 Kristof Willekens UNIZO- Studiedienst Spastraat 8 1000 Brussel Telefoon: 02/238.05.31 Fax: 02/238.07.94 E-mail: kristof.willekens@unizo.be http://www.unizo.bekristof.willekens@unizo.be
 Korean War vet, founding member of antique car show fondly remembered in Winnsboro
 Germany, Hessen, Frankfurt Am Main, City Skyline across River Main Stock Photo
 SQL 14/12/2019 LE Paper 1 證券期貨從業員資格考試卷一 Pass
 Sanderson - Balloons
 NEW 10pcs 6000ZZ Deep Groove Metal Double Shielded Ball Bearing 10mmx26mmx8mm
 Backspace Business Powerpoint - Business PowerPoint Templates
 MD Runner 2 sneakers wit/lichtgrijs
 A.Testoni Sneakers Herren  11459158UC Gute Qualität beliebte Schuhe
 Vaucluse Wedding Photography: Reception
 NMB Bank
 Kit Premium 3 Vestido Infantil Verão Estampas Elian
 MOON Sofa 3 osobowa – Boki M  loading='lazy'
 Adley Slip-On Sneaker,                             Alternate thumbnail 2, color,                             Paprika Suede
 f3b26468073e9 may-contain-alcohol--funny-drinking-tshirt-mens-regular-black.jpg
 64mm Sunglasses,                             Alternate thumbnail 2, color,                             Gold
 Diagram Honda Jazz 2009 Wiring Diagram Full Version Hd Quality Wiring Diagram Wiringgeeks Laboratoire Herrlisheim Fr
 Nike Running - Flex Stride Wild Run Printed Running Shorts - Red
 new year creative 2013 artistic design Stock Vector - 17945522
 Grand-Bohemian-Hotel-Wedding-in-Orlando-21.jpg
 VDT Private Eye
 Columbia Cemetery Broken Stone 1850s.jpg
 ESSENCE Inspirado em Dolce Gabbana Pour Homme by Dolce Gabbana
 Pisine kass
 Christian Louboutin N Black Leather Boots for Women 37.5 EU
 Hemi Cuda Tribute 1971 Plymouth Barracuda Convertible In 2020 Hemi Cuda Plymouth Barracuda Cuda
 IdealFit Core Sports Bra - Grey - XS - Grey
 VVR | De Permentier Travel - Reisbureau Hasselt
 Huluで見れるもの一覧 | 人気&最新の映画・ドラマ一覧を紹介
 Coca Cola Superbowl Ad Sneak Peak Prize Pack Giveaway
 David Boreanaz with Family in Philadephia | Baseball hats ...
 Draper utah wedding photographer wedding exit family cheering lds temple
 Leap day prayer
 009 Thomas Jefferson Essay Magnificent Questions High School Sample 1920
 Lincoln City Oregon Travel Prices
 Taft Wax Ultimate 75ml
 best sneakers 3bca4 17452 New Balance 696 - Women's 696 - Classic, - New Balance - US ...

------------------------

◆ Exercise objective:
Reproduce exactly the entries above, limited to the lines from the one with "Christian Louboutin N" through the one with "Taft Wax Ultimate 75ml", both included.

◆ Expected answer:
 Christian Louboutin N Black Leather Boots for Women 37.5 EU
 Hemi Cuda Tribute 1971 Plymouth Barracuda Convertible In 2020 Hemi Cuda Plymouth Barracuda Cuda
 IdealFit Core Sports Bra - Grey - XS - Grey
 VVR | De Permentier Travel - Reisbureau Hasselt
 Huluで見れるもの一覧 | 人気&最新の映画・ドラマ一覧を紹介
 Coca Cola Superbowl Ad Sneak Peak Prize Pack Giveaway
 David Boreanaz with Family in Philadephia | Baseball hats ...
 Draper utah wedding photographer wedding exit family cheering lds temple
 Leap day prayer
 009 Thomas Jefferson Essay Magnificent Questions High School Sample 1920
 Lincoln City Oregon Travel Prices
 Taft Wax Ultimate 75ml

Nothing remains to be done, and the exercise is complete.